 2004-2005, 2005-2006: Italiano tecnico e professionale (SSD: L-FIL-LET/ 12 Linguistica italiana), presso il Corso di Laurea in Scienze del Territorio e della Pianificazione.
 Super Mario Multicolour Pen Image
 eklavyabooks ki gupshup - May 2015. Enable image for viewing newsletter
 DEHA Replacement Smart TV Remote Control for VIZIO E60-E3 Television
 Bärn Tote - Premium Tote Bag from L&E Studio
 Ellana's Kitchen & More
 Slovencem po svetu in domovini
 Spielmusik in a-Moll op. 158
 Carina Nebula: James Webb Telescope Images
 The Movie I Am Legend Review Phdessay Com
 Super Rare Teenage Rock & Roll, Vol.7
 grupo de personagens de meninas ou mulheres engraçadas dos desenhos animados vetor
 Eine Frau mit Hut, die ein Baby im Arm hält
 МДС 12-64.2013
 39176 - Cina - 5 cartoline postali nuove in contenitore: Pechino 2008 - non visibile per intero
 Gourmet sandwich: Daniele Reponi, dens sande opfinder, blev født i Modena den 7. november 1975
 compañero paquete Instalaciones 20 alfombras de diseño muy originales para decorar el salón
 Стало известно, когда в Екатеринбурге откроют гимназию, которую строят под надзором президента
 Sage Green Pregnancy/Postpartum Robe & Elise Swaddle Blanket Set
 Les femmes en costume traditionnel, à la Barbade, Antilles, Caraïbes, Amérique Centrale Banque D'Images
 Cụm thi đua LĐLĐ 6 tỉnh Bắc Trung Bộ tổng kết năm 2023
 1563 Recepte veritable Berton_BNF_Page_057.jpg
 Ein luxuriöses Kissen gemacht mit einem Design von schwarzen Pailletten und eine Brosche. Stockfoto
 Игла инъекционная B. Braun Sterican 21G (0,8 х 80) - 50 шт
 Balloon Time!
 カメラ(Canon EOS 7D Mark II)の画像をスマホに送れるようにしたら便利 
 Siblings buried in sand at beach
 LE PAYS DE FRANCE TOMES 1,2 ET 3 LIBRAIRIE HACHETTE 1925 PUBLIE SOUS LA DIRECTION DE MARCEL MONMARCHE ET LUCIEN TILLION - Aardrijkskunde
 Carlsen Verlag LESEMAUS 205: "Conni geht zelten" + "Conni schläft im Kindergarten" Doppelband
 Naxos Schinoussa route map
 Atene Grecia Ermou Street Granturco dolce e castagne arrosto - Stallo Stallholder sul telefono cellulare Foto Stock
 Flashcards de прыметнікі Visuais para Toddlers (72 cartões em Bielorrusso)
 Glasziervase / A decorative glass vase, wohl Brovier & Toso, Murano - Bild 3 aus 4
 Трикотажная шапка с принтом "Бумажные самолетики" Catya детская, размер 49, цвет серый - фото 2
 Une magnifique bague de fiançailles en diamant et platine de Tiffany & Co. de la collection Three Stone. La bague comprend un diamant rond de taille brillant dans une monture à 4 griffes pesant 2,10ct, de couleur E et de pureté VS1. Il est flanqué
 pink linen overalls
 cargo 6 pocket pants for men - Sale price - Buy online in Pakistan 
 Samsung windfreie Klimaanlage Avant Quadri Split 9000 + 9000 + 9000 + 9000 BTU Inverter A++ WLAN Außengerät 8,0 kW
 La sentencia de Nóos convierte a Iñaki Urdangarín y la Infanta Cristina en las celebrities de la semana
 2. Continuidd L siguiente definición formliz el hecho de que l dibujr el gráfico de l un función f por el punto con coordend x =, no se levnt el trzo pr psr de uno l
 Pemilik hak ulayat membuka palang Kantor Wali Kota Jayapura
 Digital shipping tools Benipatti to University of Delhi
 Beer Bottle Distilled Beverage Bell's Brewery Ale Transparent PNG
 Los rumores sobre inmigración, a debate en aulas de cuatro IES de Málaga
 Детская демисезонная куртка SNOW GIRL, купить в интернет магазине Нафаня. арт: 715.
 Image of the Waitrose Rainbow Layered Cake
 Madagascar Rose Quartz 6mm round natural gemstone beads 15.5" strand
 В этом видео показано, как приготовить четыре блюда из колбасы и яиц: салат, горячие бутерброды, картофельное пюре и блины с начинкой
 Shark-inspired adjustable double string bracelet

- - -

Each line above that has the word "Images" should be copied.

• **FINAL ANSWER**:
 Carina Nebula: James Webb Telescope Images
 Les femmes en costume traditionnel, à la Barbade, Antilles, Caraïbes, Amérique Centrale Banque D'Images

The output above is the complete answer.